That is the point I keep thinking about. There are 3 different approaches: Index as little as possible, find the perfect balance or index everything. Historically we opted for index everything as that is how the system is fast. Find the perfect balance is not possible, because the same data is used for different use case (o11y, security) and even inside use cases, there are different scenarios. Index as little as possible has the downside, that some "default" queries might not be fast.

What if we would have ecs-light as the default, and context would decide if there is also an ecs-heavy template used with caseless, text etc. A user installs an integration in o11y, by default caseless is not used. Install the same integration in security, it is there. In o11y, a user can click a setting to also enable "heavy" if they want. It might even be a global setting so the same logic applies to all data.

There are fields that potentially always have .text to, but it is a small subset for light. Which one is used in which scenarios now is not a problem of ECS itself but the solutions and user can change it. What ECS needs to provide is the compontent templates / blocks to put together the different scenarios.

felixbarny commented 1 month ago

elastic-package cannot know if this field is expected or not, and the only solution seems to be to disable validations for multifields. In the meantime, for packages and elastic-package, I guess we only have two options: package developers need to add mappings for the fields with additional subfields that their packages use, or elastic-package should disable or relax validations on subfields.

I don't think we need to entirely disable the validation on multi-fields. But I think it makes sense to be lenient when there are additional multi-fields that were not expected.

Index as little as possible has the downside, that some "default" queries might not be fast.

In this case, it's not really about whether or not to index or whether queries are fast or slow. It's what capabilities are supported in search (exact matches with keyword vs match queries with match_only_text). But I think I see where you're going with that in general.

Some kind of solution or use-case specific extension to ECS does make sense to me. Ideally, that would also be based around consistent naming conventions. Not sure if it's a choice the user needs to make, though. For certain workflows or curated experiences, we may have expectations around how a field gets indexed. In that case, we should enable the additional mappings by default.

felixbarny commented 3 weeks ago

Proposal on a way forward:

We're modifying ecs@mappings to only add .text subfields, as specified by ECS. Rationale is that whether the storage overhead of these sub-fields are worth it should be a decision that's made in ECS.
We'll open an issue in ECS to discuss adding .text subfields to all *.name fields. This may lead to a bit of back-and-forth.
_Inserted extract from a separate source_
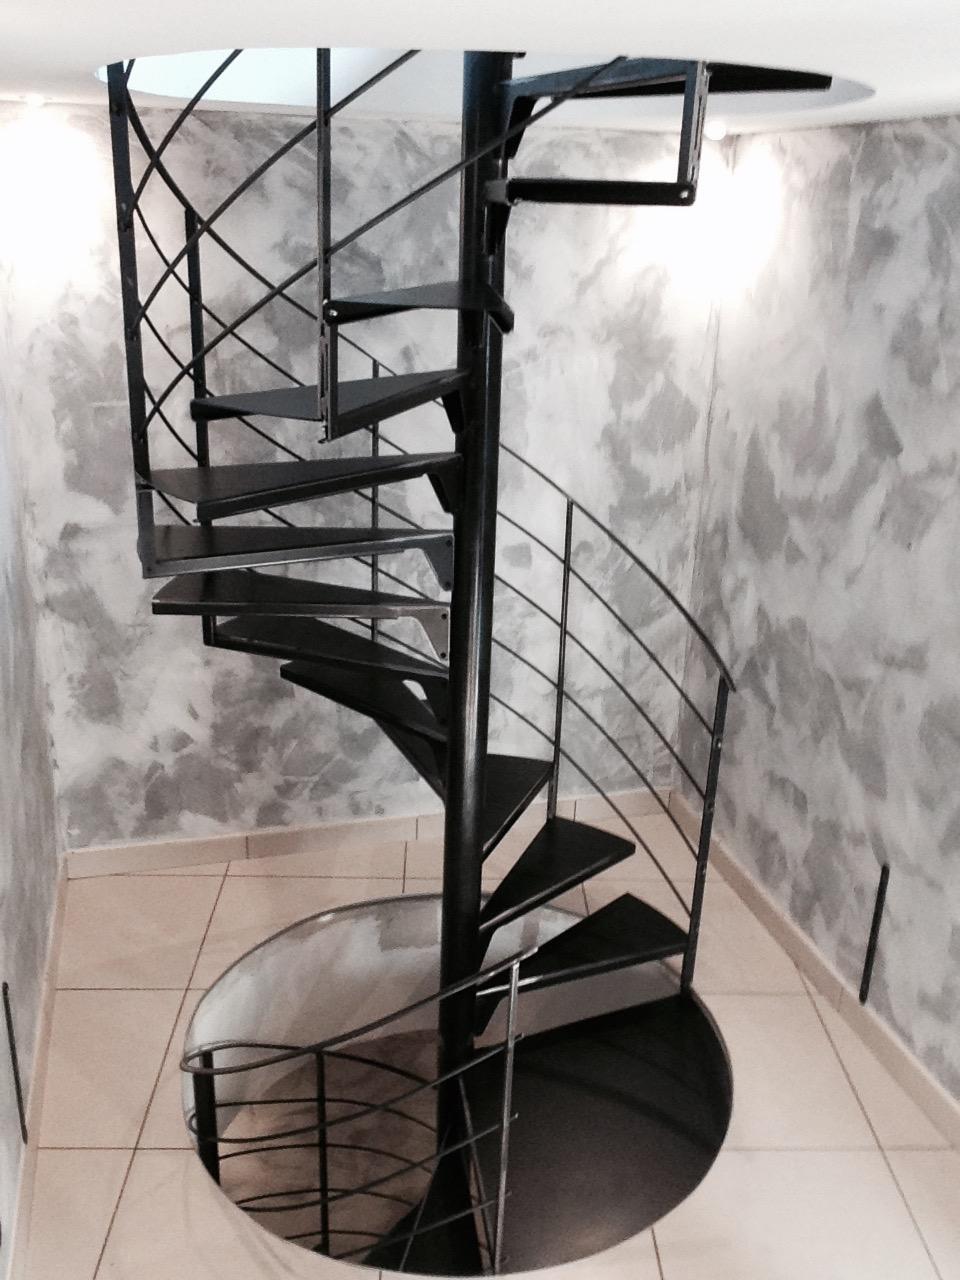 Escalier Helicoidal Metal Design Calade Design

But I think that's better compared to a discrepancy between ecs@mappings ECS that's not resolved for a long time.

Not sure whether we should change something in the behavior of the elastic-package validation. On the one hand, it seems quite strict. But I now get that it's not validating ECS compliance but whether or not a field is documented. The way it does that is getting the mappings, removing all fields that are defined by ECS and in the package. If there are any fields left, it fails the validation. Do I get that right, @jsoriano? But if that's true, aren't the validations for these packages failing regardless of whether or not LogsDB/synthetic _source is used? Or is it that we're validating on fields when synthetic source is used and use _source when not? If that's the case, why does validating on _source not work with synthetic _source?
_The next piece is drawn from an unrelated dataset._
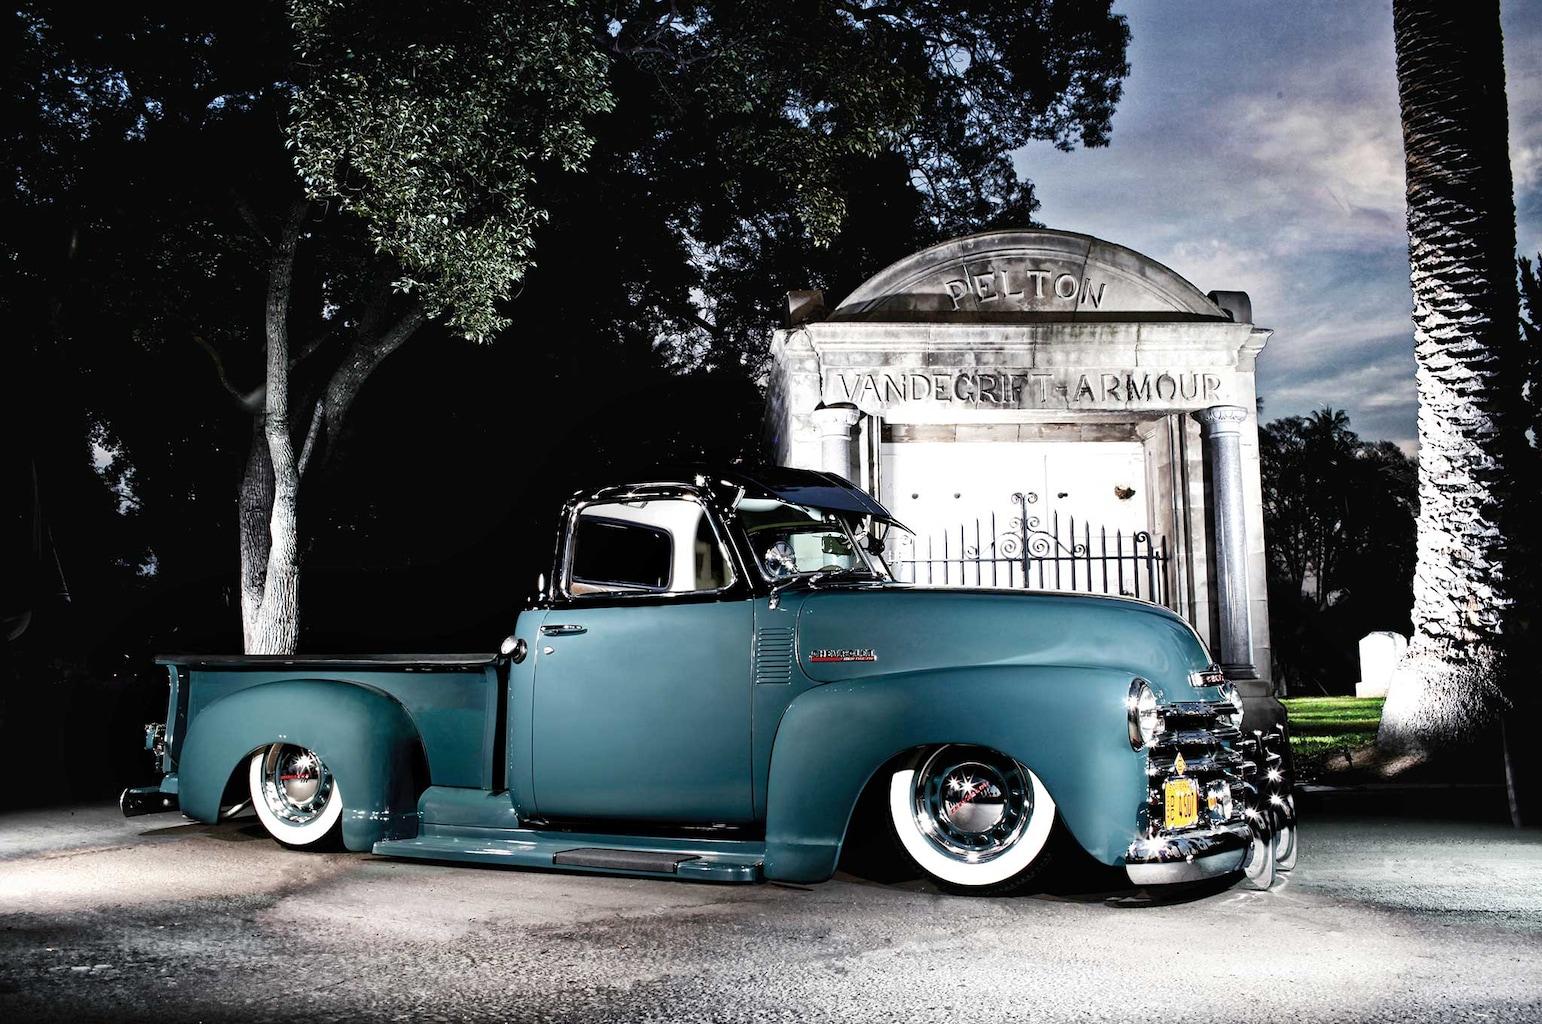 1949-chevrolet-pickup-passenger-side-profile

jsoriano commented 3 weeks ago

Proposal SGTM.

Not sure whether we should change something in the behavior of the elastic-package validation. On the one hand, it seems quite strict.
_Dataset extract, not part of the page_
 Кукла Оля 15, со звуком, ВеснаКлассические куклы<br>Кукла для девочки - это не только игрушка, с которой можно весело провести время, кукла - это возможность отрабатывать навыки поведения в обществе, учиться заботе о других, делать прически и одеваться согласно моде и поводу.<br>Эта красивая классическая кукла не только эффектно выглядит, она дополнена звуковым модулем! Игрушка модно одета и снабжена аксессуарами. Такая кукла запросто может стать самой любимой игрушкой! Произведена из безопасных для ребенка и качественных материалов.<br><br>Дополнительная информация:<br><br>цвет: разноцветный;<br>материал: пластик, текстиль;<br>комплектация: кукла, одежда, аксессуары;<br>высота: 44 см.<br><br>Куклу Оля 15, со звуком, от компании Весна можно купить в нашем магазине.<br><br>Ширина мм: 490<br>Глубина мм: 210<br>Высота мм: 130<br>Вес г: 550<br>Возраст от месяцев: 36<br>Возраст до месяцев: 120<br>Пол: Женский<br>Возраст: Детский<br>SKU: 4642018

I think we need to change the behavior at least to support versions of ecs@mappings that have been already released with the additional multifields (from 8.13 to 8.15). https://github.com/elastic/elastic-package/pull/2035 should be enough in that regard.

The way it does that is getting the mappings, removing all fields that are defined by ECS and in the package. If there are any fields left, it fails the validation. Do I get that right, @jsoriano?

Yeah, it is more or less like that. But it doesn't remove any field, it checks that any field in a document has a definition in the package itself or in ECS. It also checks that the values of the fields match with the defined type.

But if that's true, aren't the validations for these packages failing regardless of whether or not LogsDB/synthetic _source is used? Or is it that we're validating on fields when synthetic source is used and use _source when not? If that's the case, why does validating on _source not work with synthetic _source?

Yes, elastic-package uses fields in some cases where there are fields that are not in the source, as is the case of synthetic source. And the discrepancies in test results come from there, the sets of fields are sometimes different when checking fields or when checking _source.

Historically (since the times of beats) we have been relying on _source because it used to be enough, but it is not anymore with the many options we have now to control what is stored and how. We have to work on solving these discrepancies. https://github.com/elastic/elastic-package/issues/2016 goes in this line.

felixbarny commented 2 weeks ago

We'll open an issue in ECS to discuss adding .text subfields to all *.name fields. This may lead to a bit of back-and-forth. But I think that's better compared to a discrepancy between ecs@mappings ECS that's not resolved for a long time.

I just realized that such a thread already exists: https://github.com/elastic/ecs/issues/2118. However, there's no conclusion as of yet.